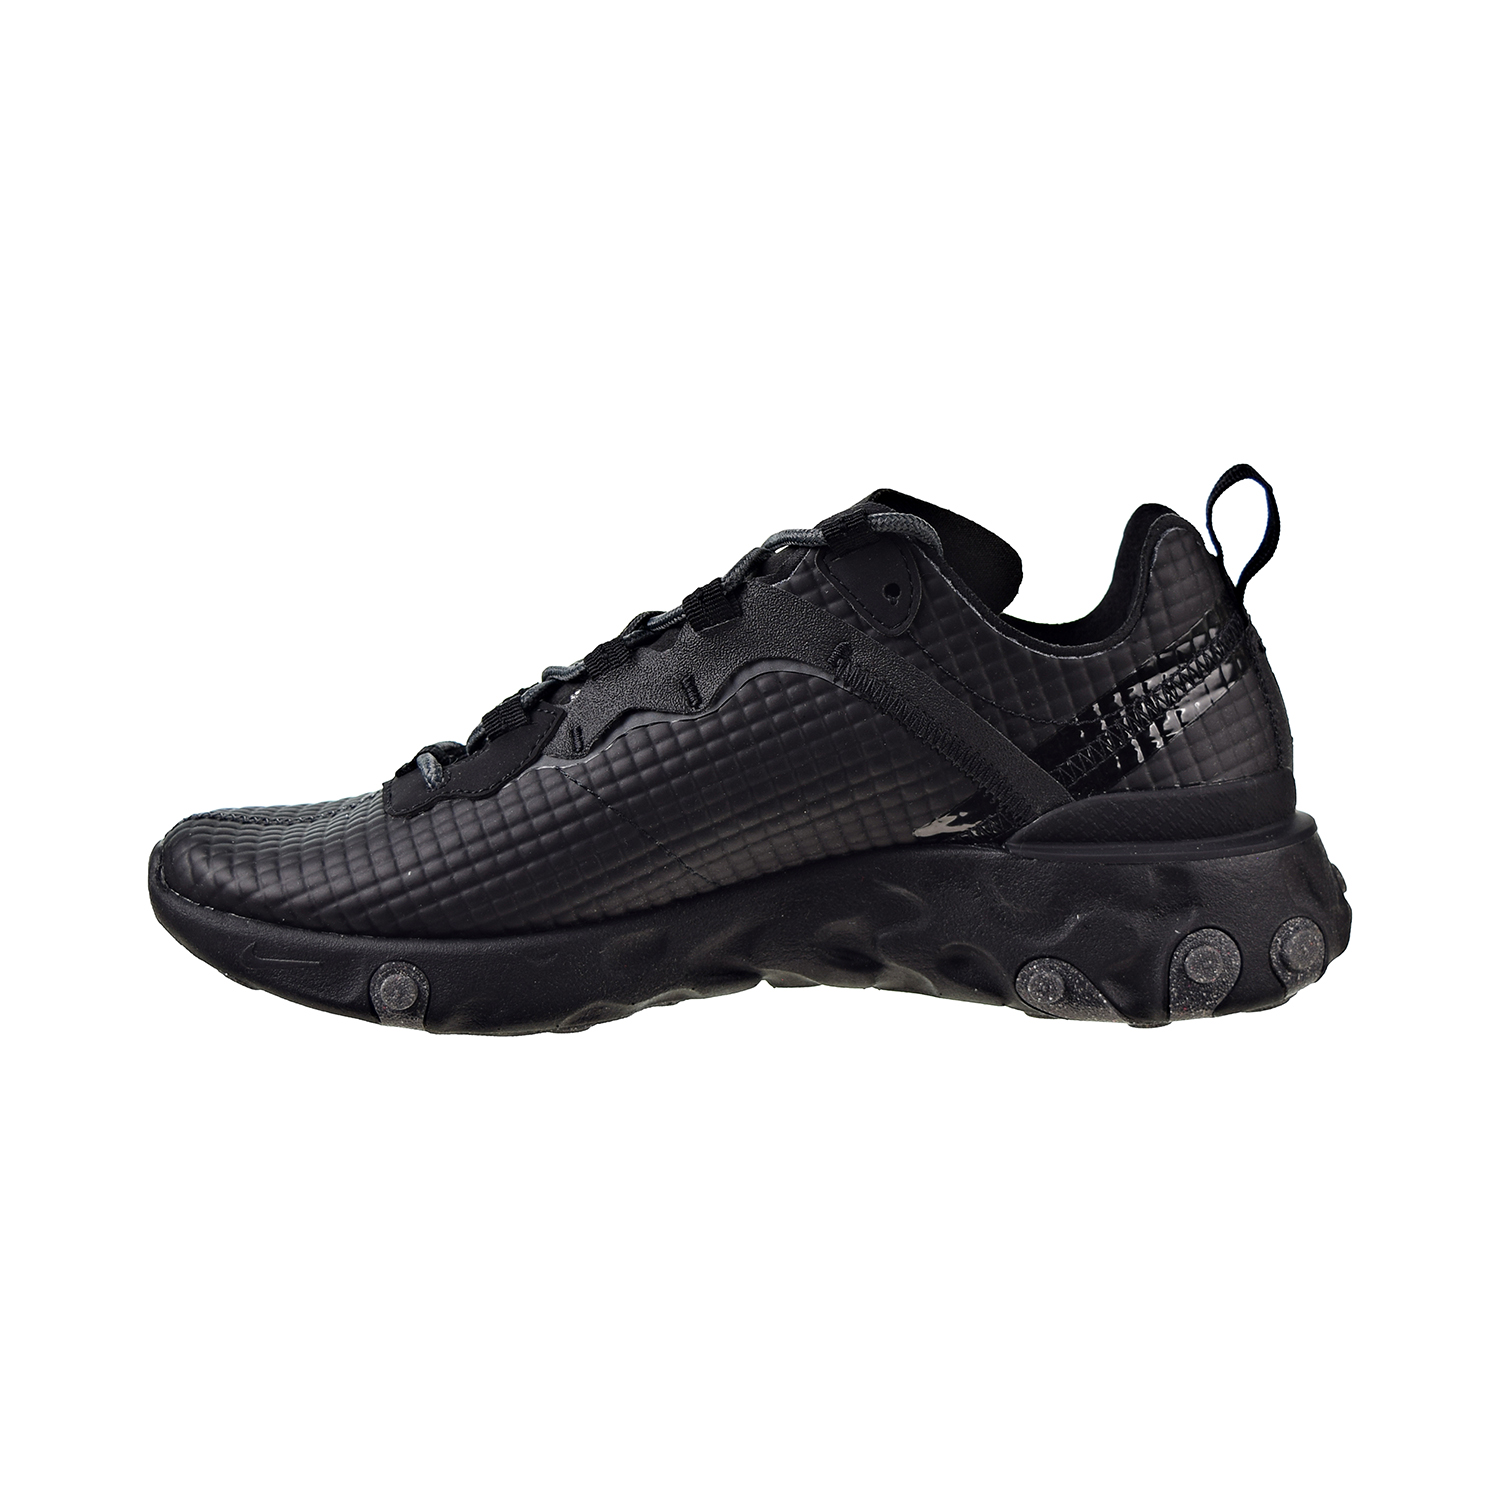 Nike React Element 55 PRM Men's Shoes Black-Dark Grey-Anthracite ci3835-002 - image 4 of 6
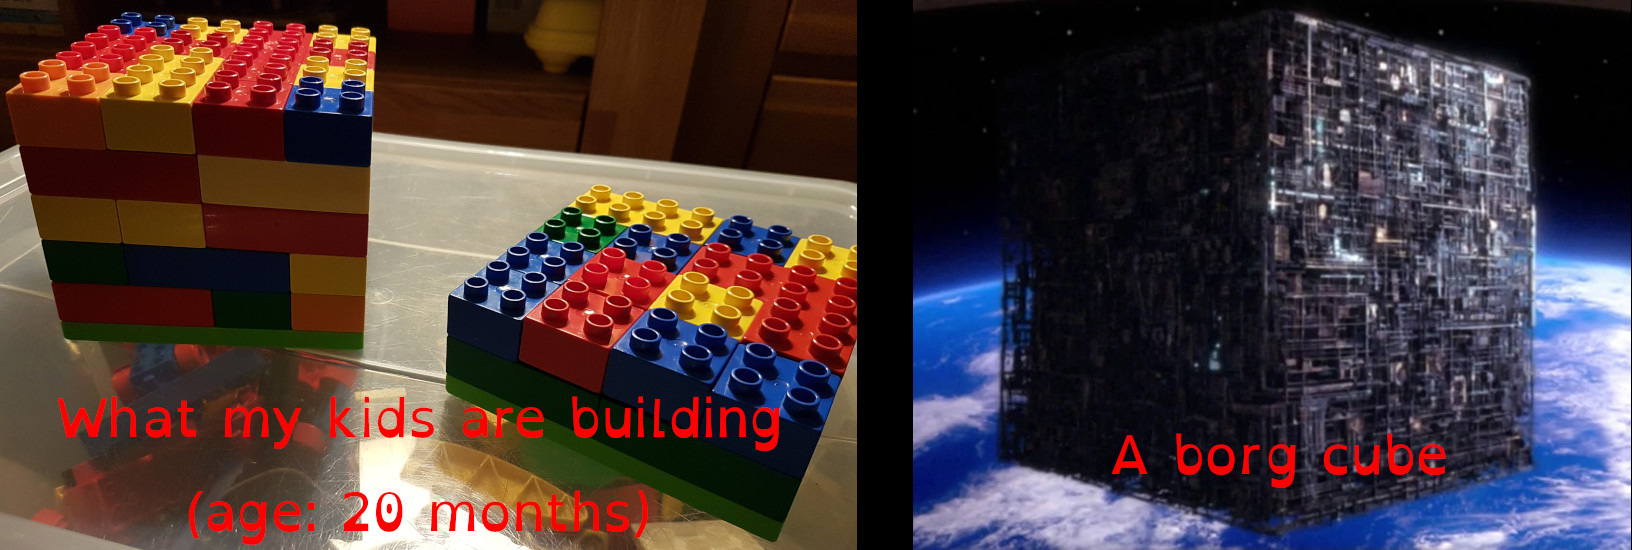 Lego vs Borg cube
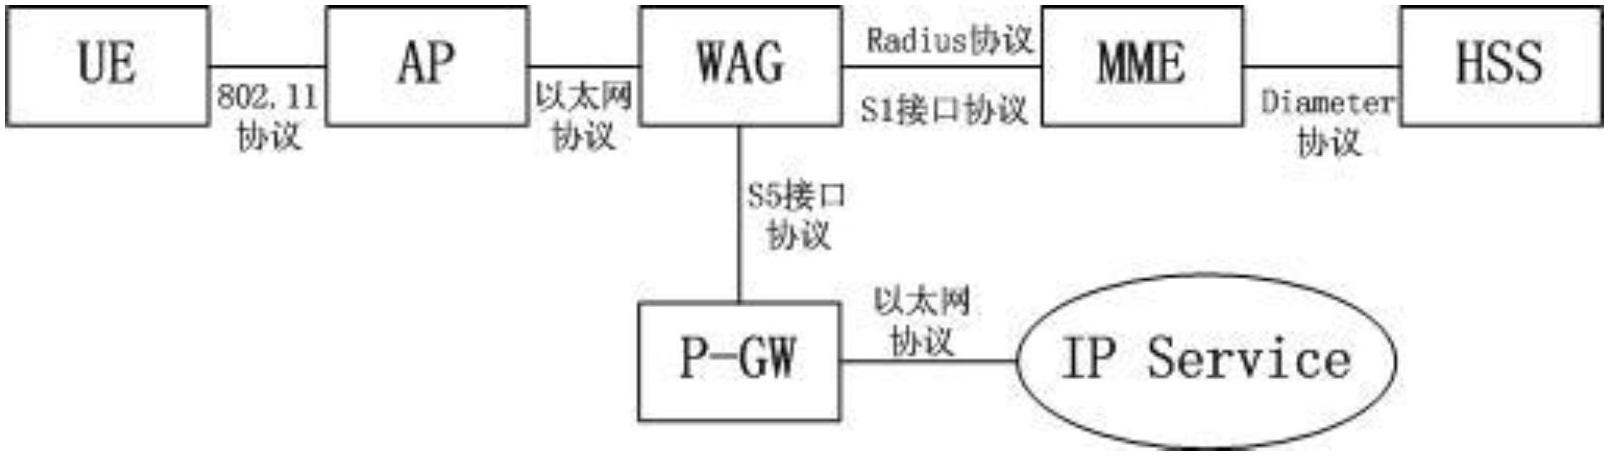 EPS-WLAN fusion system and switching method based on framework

════════

**Exercise**
Set down exactly, line for line, the data from the line that contains "Lego vs Borg cube" through its last line, keeping pictures out.

**Answer to the problem**
 Lego vs Borg cube
 EPS-WLAN fusion system and switching method based on framework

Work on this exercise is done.